Data labeling
Data labeling is a JAICP tool which allows processing log files to extract potential intents and their contents.
Data labeling is disabled by default. Send a request to our customer support if you want it to become available.
Go to the project, click CAILA > Data labeling in the dashboard to use data labeling.
The data labeling pipeline includes the following steps:
Prepare data
You need to prepare your data file before data labeling.
For example, it can be a file with phrases the classifier failed to associate with any of the intents at the required level of confidence.
Input file format:
UTF-8
text file.- Each phrase is on a separate line.
The file length may not exceed 10,000 lines.
Upload data
Click Upload logs in the top panel > drag and drop or select the file you have prepared in order to upload it. The number of phrases loaded is displayed under the top panel.
Refine data
This step involves removing “garbage” from the uploaded data, such as special characters, stop words, duplicates, etc.
Click Clear data in the top panel. Select the parameters you wish to use to refine your data:
- Remove symbols — all characters except alphanumeric ones are removed. All phrases are modified, and this operation cannot be undone.
- Delete short lines less than — all phrases shorter than the specified number of characters are removed.
- Delete long lines longer than — all phrases longer than the specified number of characters are removed.
- Correct typos — typos are corrected in all phrases. You can specify spellchecker options in the Extended NLU settings section of the project settings. All phrases are modified, and this operation cannot be undone.
Typo correction is currently not available for languages other than Russian and Ukrainian.
- Delete stop-words — stop words are removed. The dictionary of stop words is built into the platform. All phrases are modified, and this operation cannot be undone.
- Replace entities — all entity values are replaced with the corresponding names. The values of active system and custom entities are replaced. All phrases are modified, and this operation cannot be undone.
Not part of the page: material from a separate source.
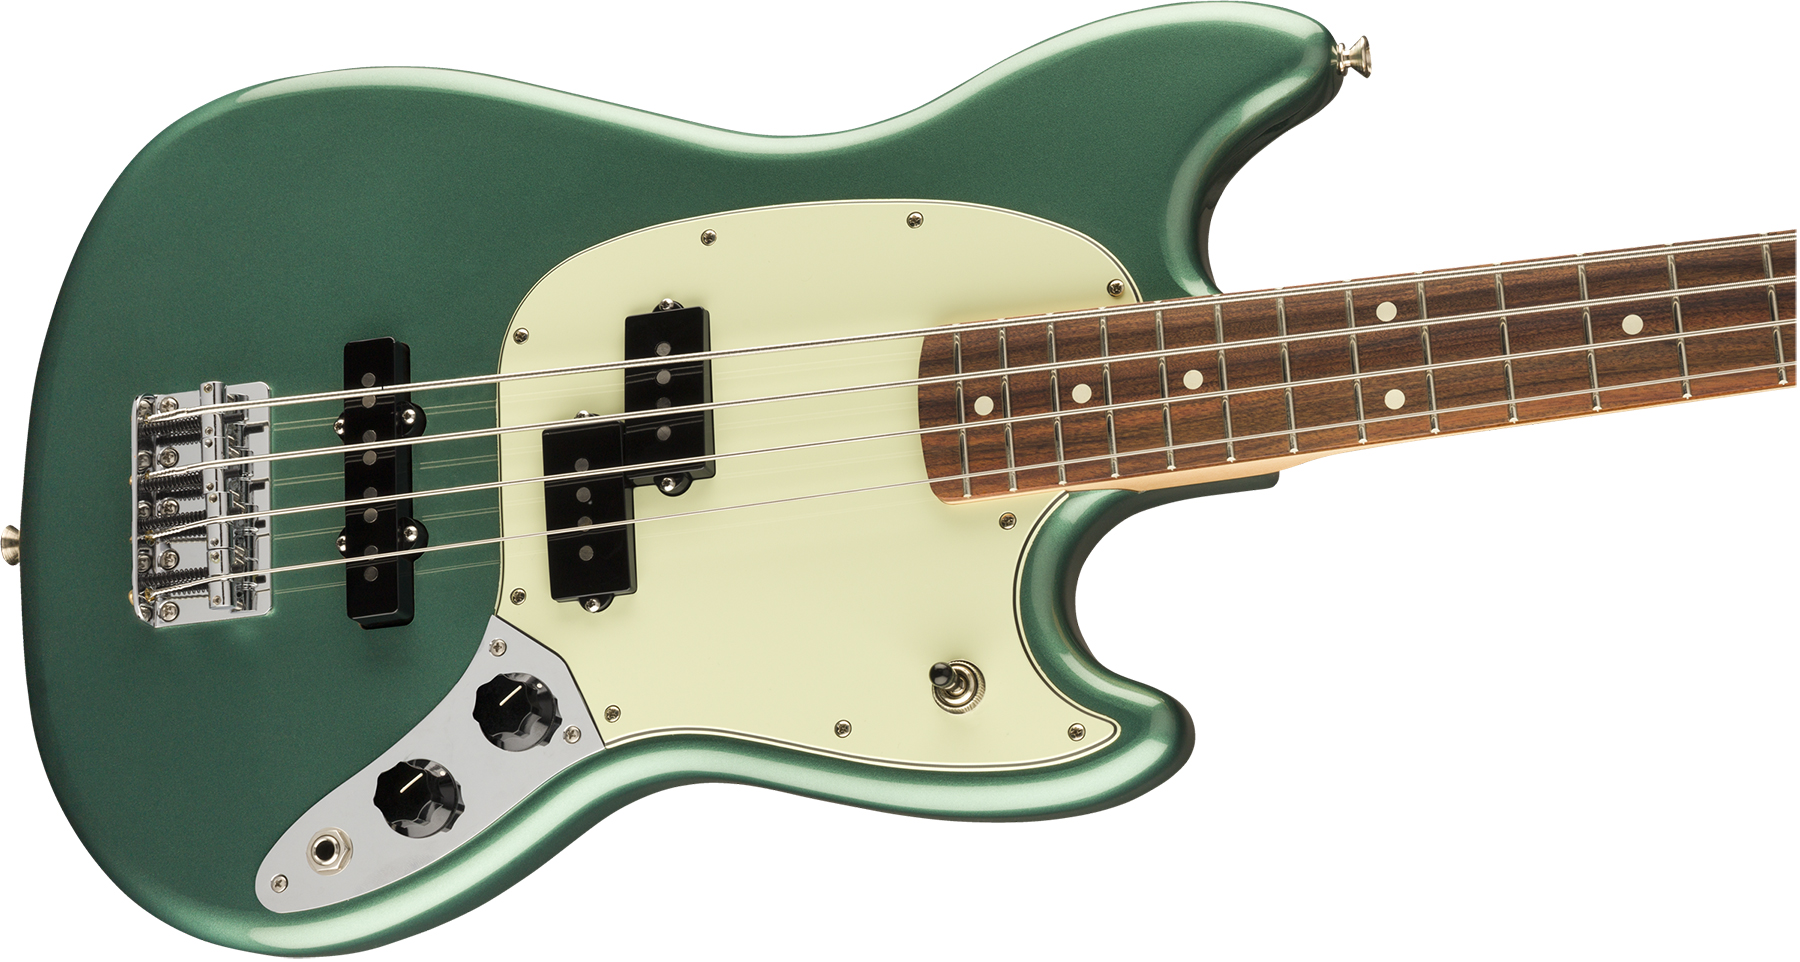 Fender Mustang Bass Pj Player Ltd Mex Pf - Sherwood Green Metallic - Basse Électrique Enfants - Variation 2

- Remove duplicates — all phrase duplicates are removed. A single occurrence of each phrase is left after this operation.
Click Clear.
Click Show sorted in the top panel to view the phrases that have been removed. The phrases removed are at the bottom of the list and have the icon.
Group phrases
You can assign a phrase to an intent without grouping. Select your phrase(s) > Select intent > select an existing intent or create a new one > Add.
The phrases added to the intents are saved during the staging step.
You will find all your phrase grouping operations in the History of operations field. Click the name of the required group to go to it. All groups based on the criteria you select are displayed in the Groups list field.
Possible grouping methods include:
Duplicates
The operation combines the duplicates into a single group.
Click Grouping > Duplicates in the top panel to create a group. Select Duplicates in the operation history.
Here you can assign an intent to your group. Select a phrase > Select intent > select an existing intent or create a new one > Add.
Keywords
Select the keyword extraction method and fill in the fields.
TF/IDF
Fill in the fields for the method:
- Cast to lowercase — all words will be converted to lowercase.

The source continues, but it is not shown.